Süddeutsche Zeitung

Rente: Kultur des lebenslangen Lernens:Mehr Wunsch als Wirklichkeit

Die Rente mit bis zu 69 Jahren wird von den Wirtschaftsweisen gefordert, aber sie wird vorerst nicht kommen. Denn die Voraussetzungen für die beschlossene Rente mit 67 sind längst noch nicht gegeben.

Thomas Öchsner

Die Rente mit 67 ist für viele Menschen ein Horrorszenario: Sie haben davor Angst, weil es für viele ältere Arbeitnehmer keine Jobs mehr gibt, sie deshalb zu Hartz-IV-Fällen werden oder mit hohen Abschlägen vom Altersgeld in den Ruhestand gehen müssen. Von der Forderung der fünf "Wirtschaftsweisen", die Lebensarbeitszeit langfristig von bald 67 auf bis zu 69 Jahre zu erhöhen, sollten sie sich trotzdem nicht beunruhigen lassen.

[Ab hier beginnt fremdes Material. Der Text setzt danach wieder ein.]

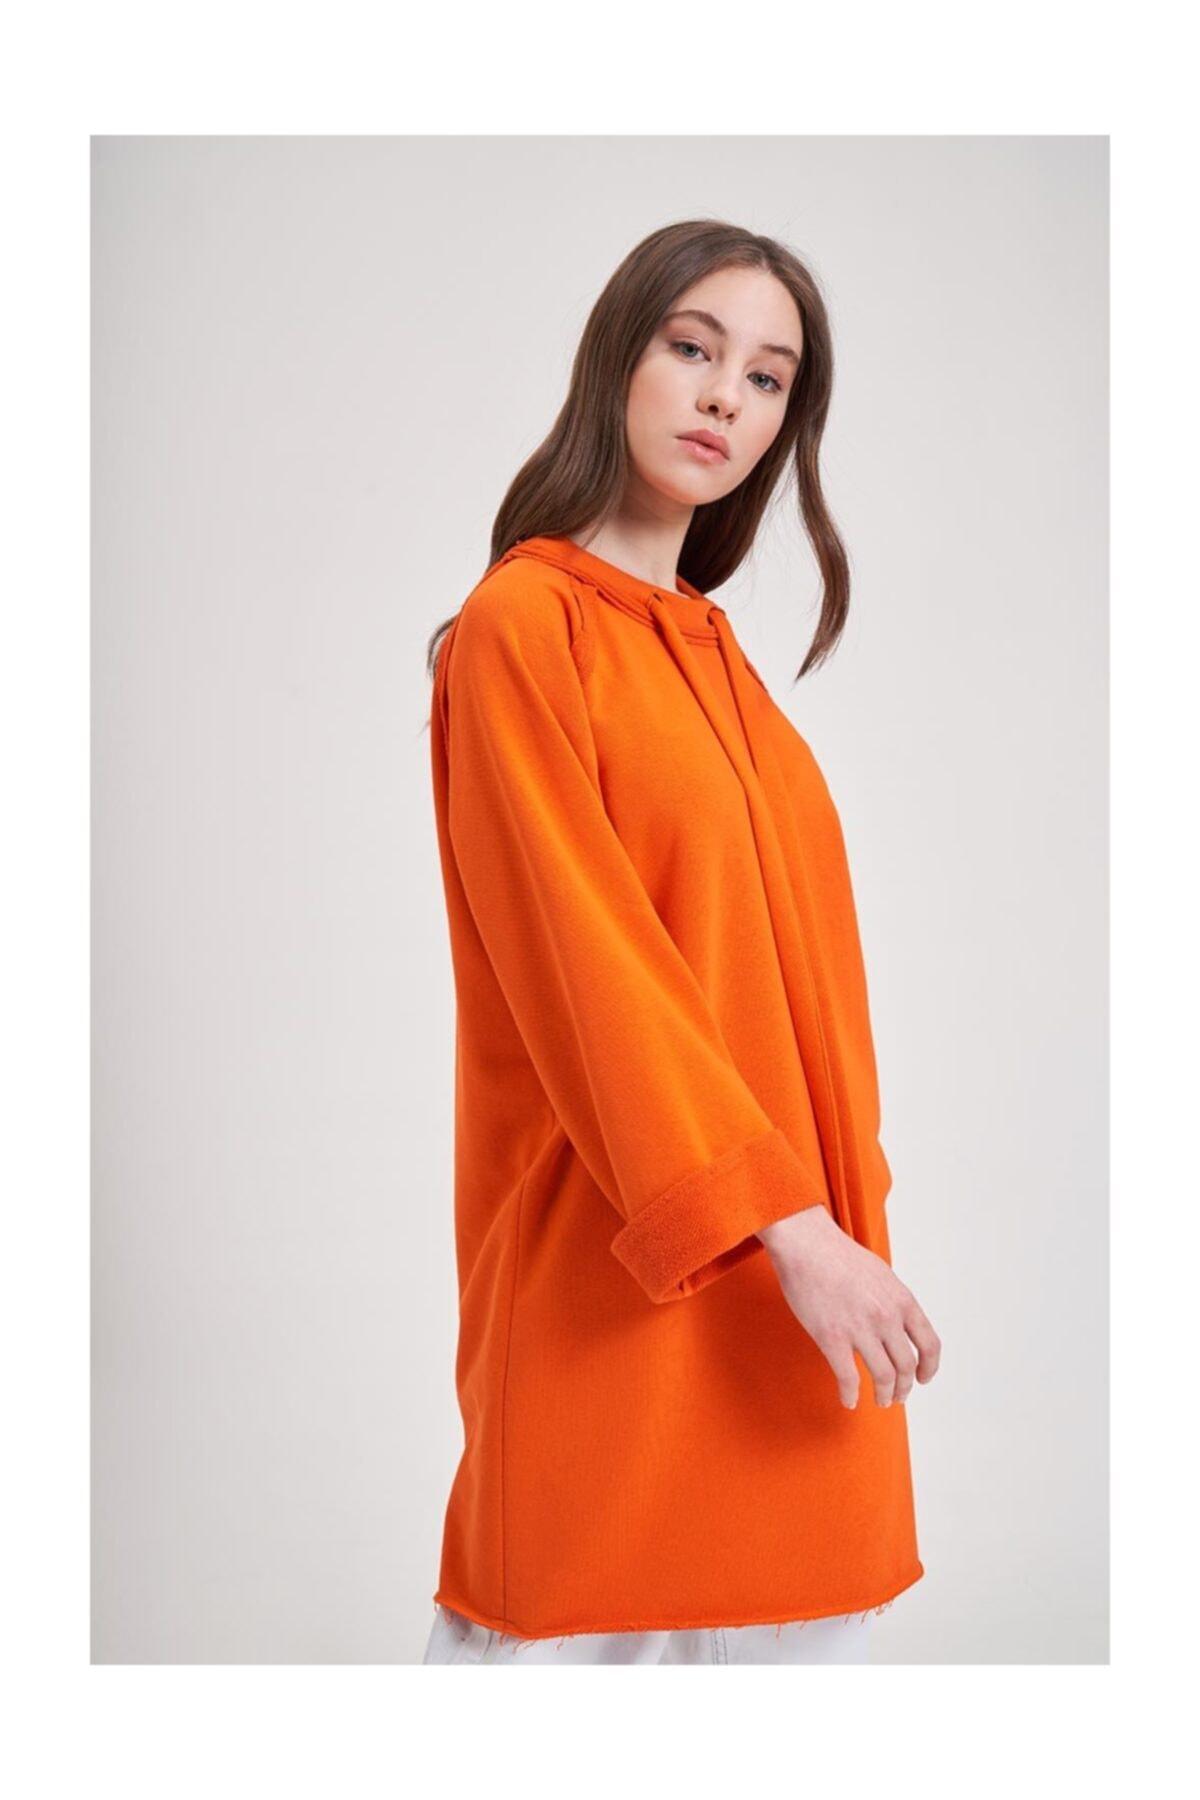 Mizalle Youth Mızalle Youth Yaka Bağcıklı Sweatshirt (turuncu) 1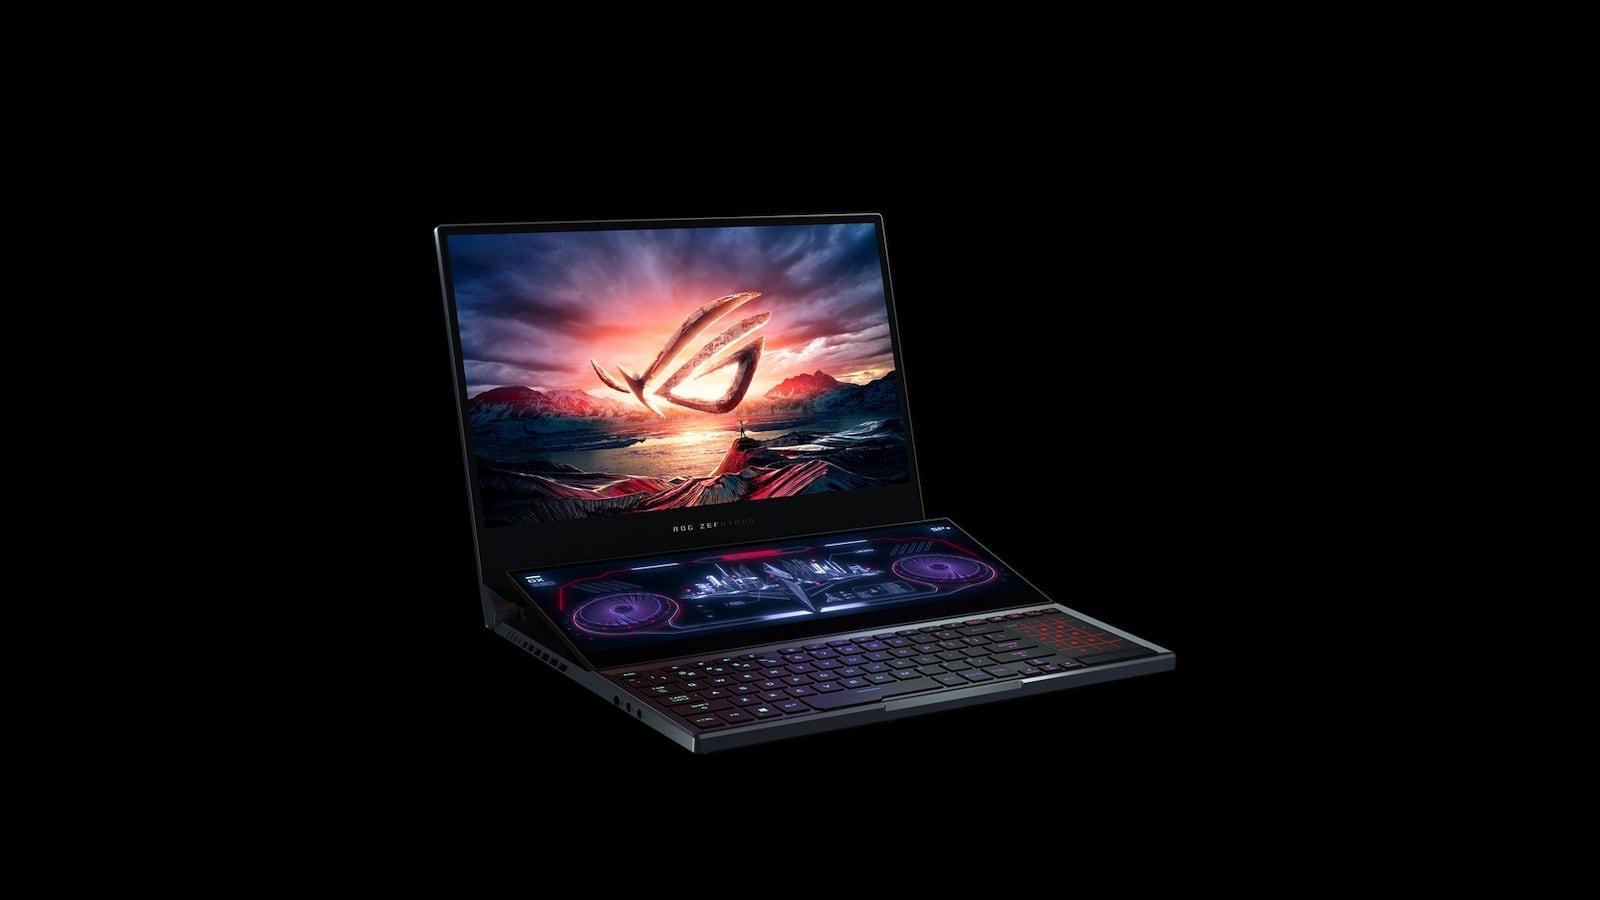 ASUS ROG Zephyrus Duo 15 Secondary Display Laptop has a smaller screen that tilts upward

Der Sachverständigenrat soll die Regierung beraten. Die Wissenschaftler tun deshalb nur ihre Pflicht, wenn sie für die Politiker weit vorausdenken und an einen banalen Zusammenhang erinnern: Steigt die Lebenserwartung weiter, kann eine noch höhere Altersgrenze für den Eintritt in den Ruhestand notwendig sein, damit die Älteren ihre Rente weiter bekommen und die Beiträge für die Jüngeren bezahlbar bleiben.

Trotzdem wird die Idee wieder in den Regierungsschubladen verschwinden. Für die Koalition muss es zunächst darum gehen, die Rente mit 67 Jahren von 2012 an so einzuführen, dass die Befürchtungen der Bürger sich nicht bewahrheiten. Dafür bleibt noch viel zu tun, bis die längere Lebensarbeitszeit von 2029 an voll gilt.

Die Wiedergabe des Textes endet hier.